Many times in a union as large as CTU with 30,000 members, if you want change or you want something to happen, it’s like turning an air craft carrier around. But if we have to respond quickly to something or we want something that’s more radical than our union can participate in, such as the boycott of the Illinois Standards Achievement Test (ISAT), that’s what the caucus is for.
We recently had teachers from CORE who were boycotting the ISAT state test. If the union backed that, they would actually be promoting an action that goes against Illinois school code. The CTU can’t be put in that position, but a caucus can. So a social justice caucus can be a militant arm. And “militancy” is not a scary word.
RB: Why should militancy not be a scary word? What is it?
MG: I think we got brainwashed in the ’60s to believe that militancy meant people who create molotov cocktails or bombs or people who harm others.
Militancy, in my mind, is when people are willing to put their bodies on the line, are willing to do acts of civil disobedience that don’t harm others, but not willing to roll over and play dead for the bosses, for politicians, or for their union bosses.

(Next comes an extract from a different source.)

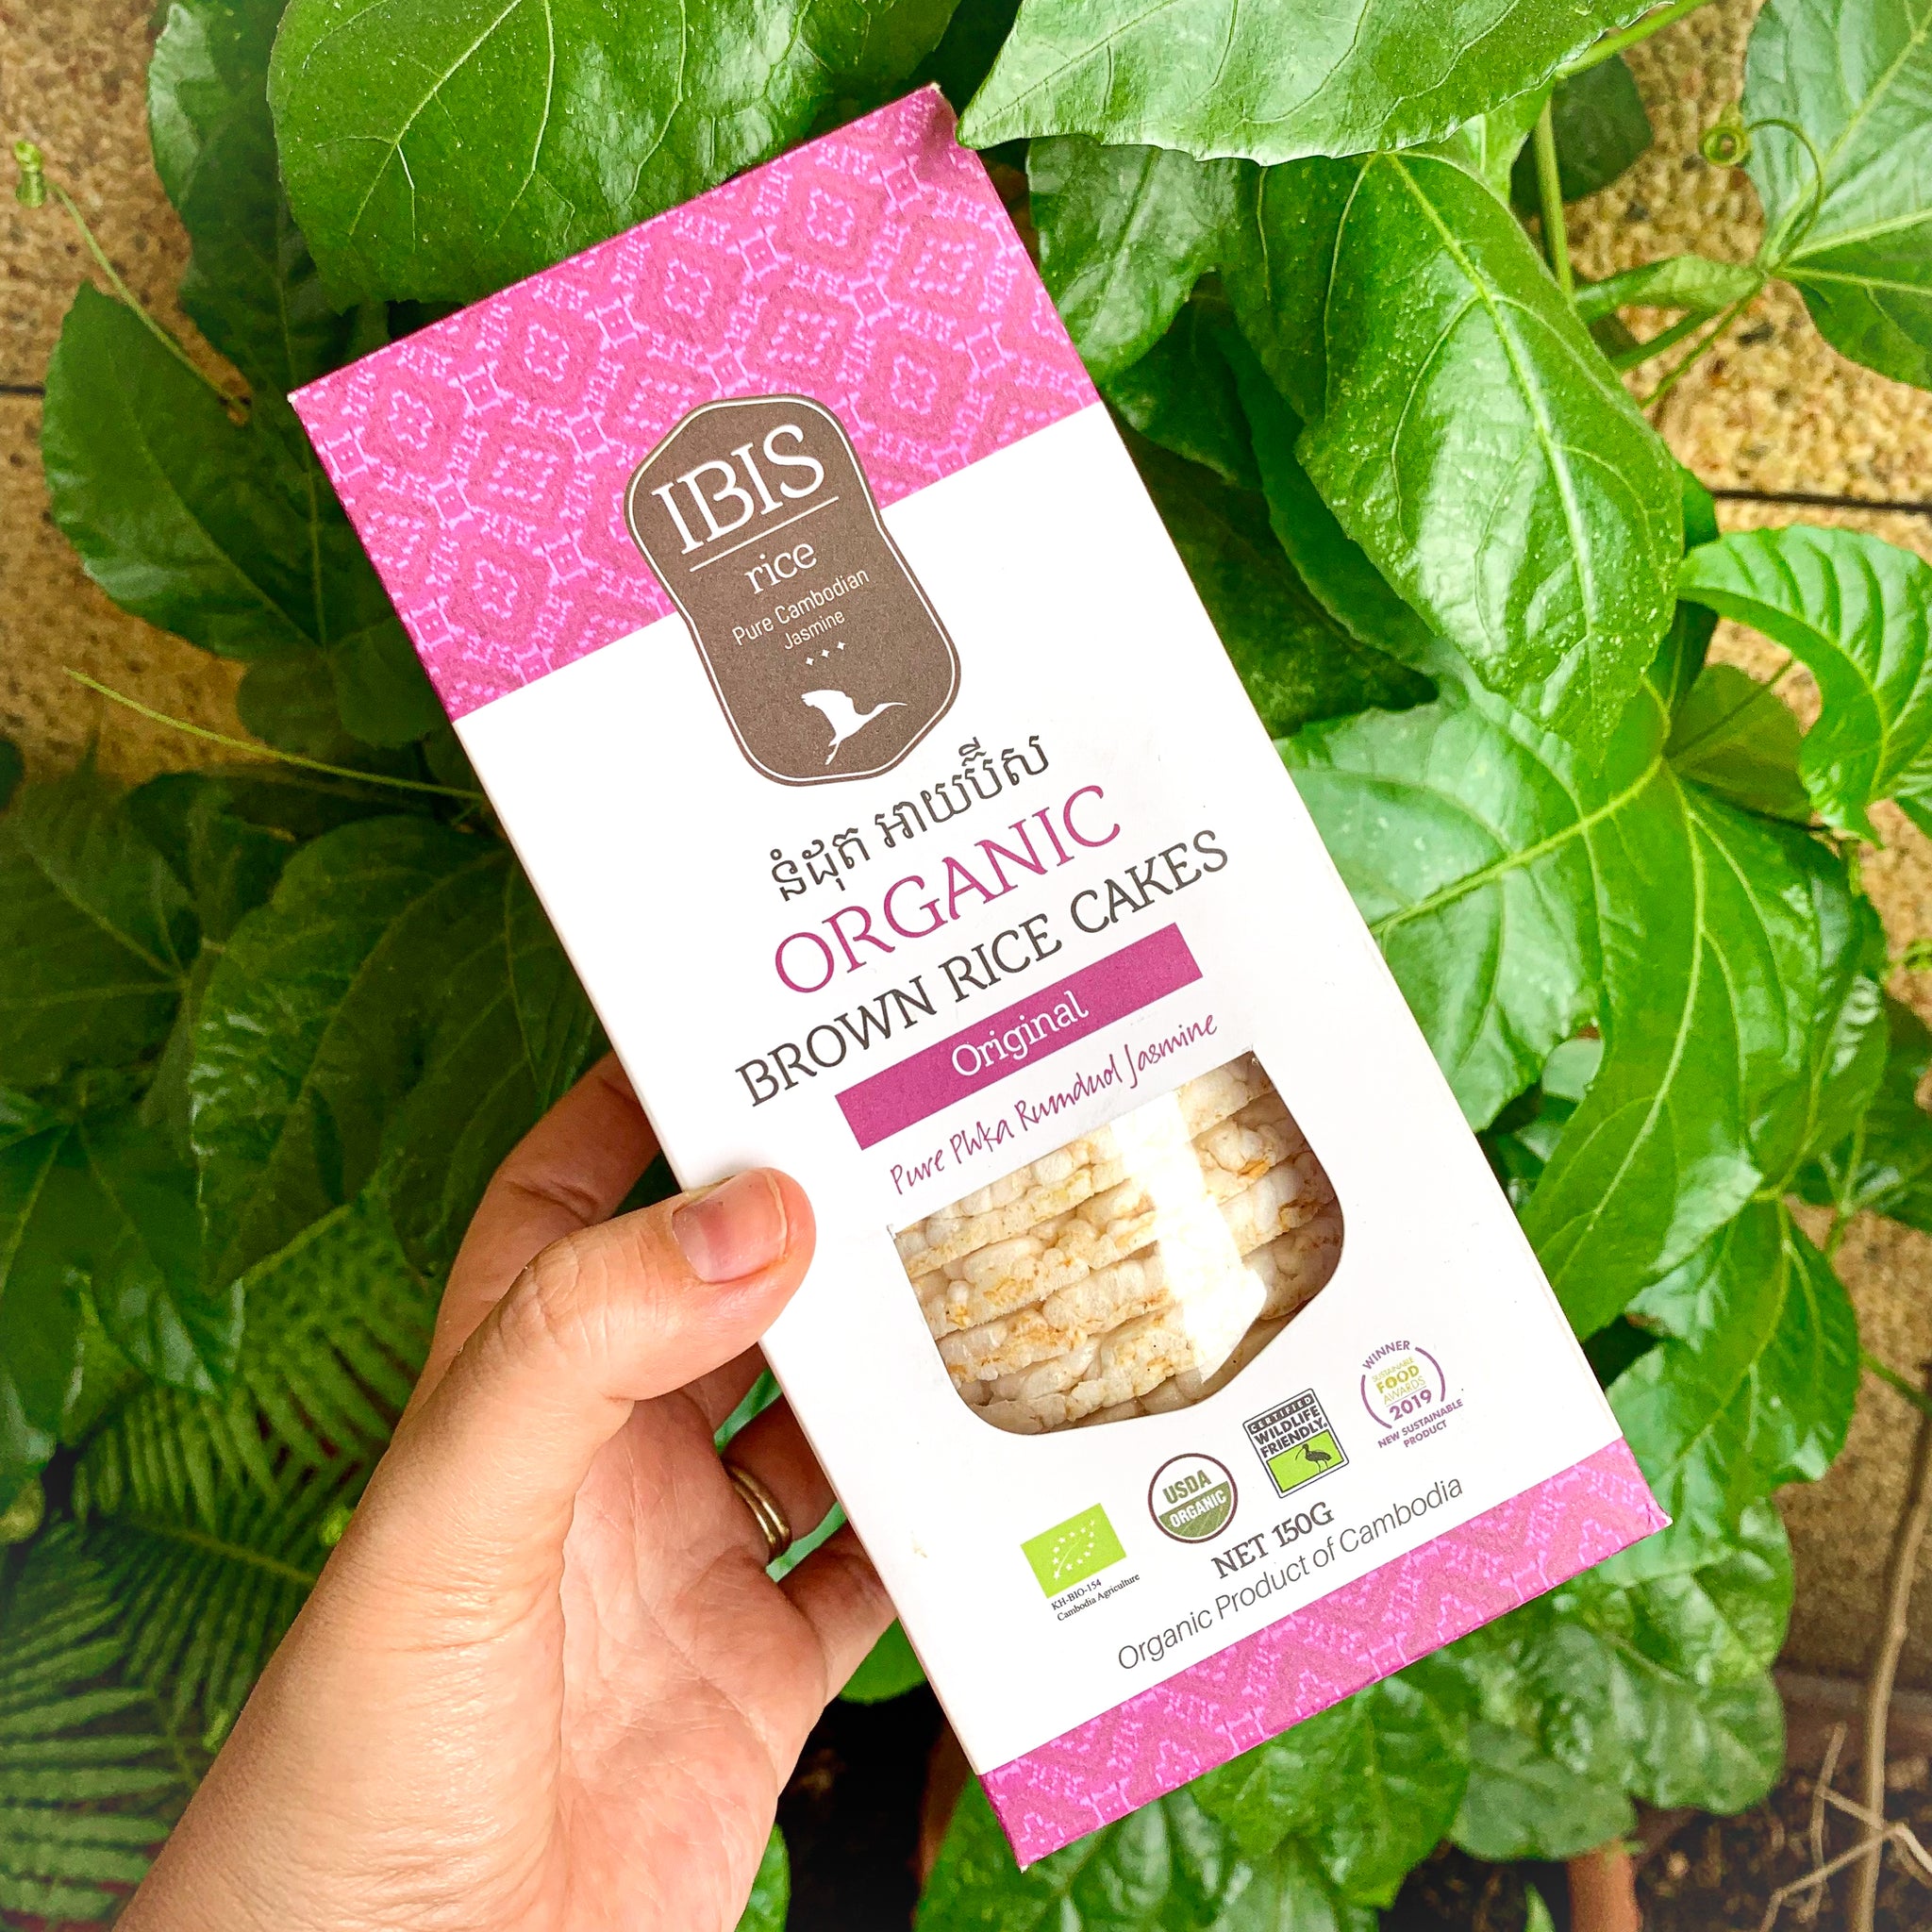 No added sugar or salt, these IBIS Brown Rice Cakes are 100% organic and offer a deliciously nutty, fragrant flavor. An ideal afternoon treat, try topping with peanut butter or jam for added flavor.
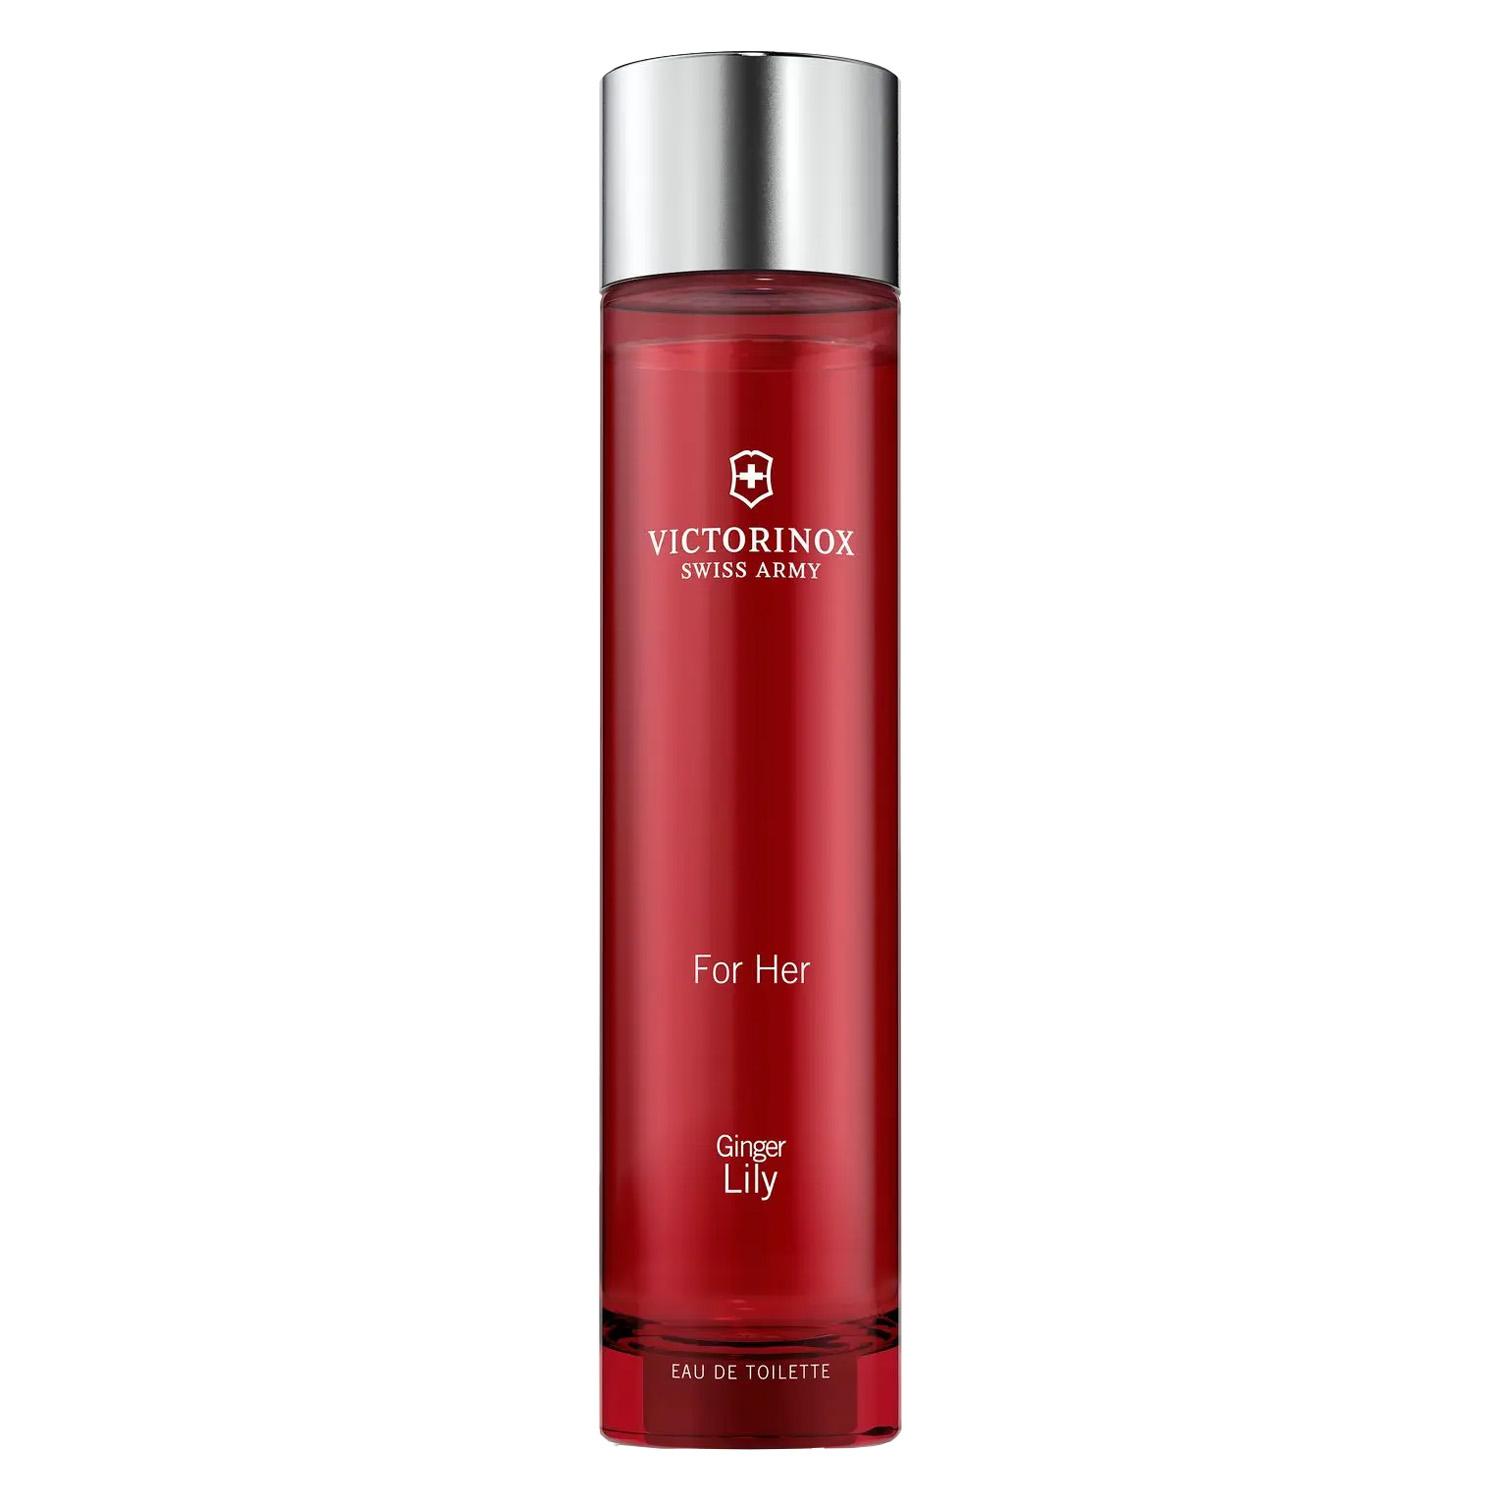 Victorinox Swiss Army - For Her Ginger Lily Eau de Toilette

I look to militancy for change.
RB: Given NSJU’s roots in teacher unions, do you see any special intersections or relationship between social justice unionism and student activists who are working on social justice issues on their campuses or in their schools? What do you think that interaction should look like?
MG: One of the most exciting things that has happened is that many higher education unions want to become part of our group. So what I see here is that when you start wanting democracy for yourself, and when you actually experience it, you want it for your students as well.
Both university and community college faculty members have already reached out to us about getting involved. We’re unionizing higher education faculties at a great rate. Once the professors start experiencing union democracy in their own lives, they’re going to want it for their students too. I think it’s going to be a genesis.
From the beginning, CORE always involved students, so I think the model has always been in place that youth will be involved.
RB: How does CORE involve students?
MG: Well for one thing, they can become members if they want to be — associate members, that is. The only members with voting rights have to be CTU members, and that makes sense. Students pay $20, and I think that barely covers the cost of what we take care of.
Even at the conference last year, we invited leaders from Students United for Public Education, a national network of student education activists, and other student activists attend from around the country because they need to see what we’re doing — to either accept, reject, or model after us.
I think that the interests [of students and teachers] are so convergent that we can’t exist without each other. We need to be going through this together.
RB: If there were to be a more structured or ongoing relationship between student activism and teacher activism, what do you think the first priority for should be for that collaboration?
MG: Educational equity, especially parity in resources. And testing — the bias in testing, how testing controls education. It just has to be approached, and I think that that’s a major point.
I also think that political action is something that we share in common as well. Adults need to recognize the political lives of youth and do what they can to support it.
The potential of the NSJU and the rise of social justice unionism is vast, and especially as the student unionism movement spreads to campuses in the US, it holds great potential to provide genuine venues for the labor movement to earn the respect and participation of the rising Millennial generation. NSJU is only getting started, and will remain an organization — and potentially, a movement — for radicals to keep an eye on.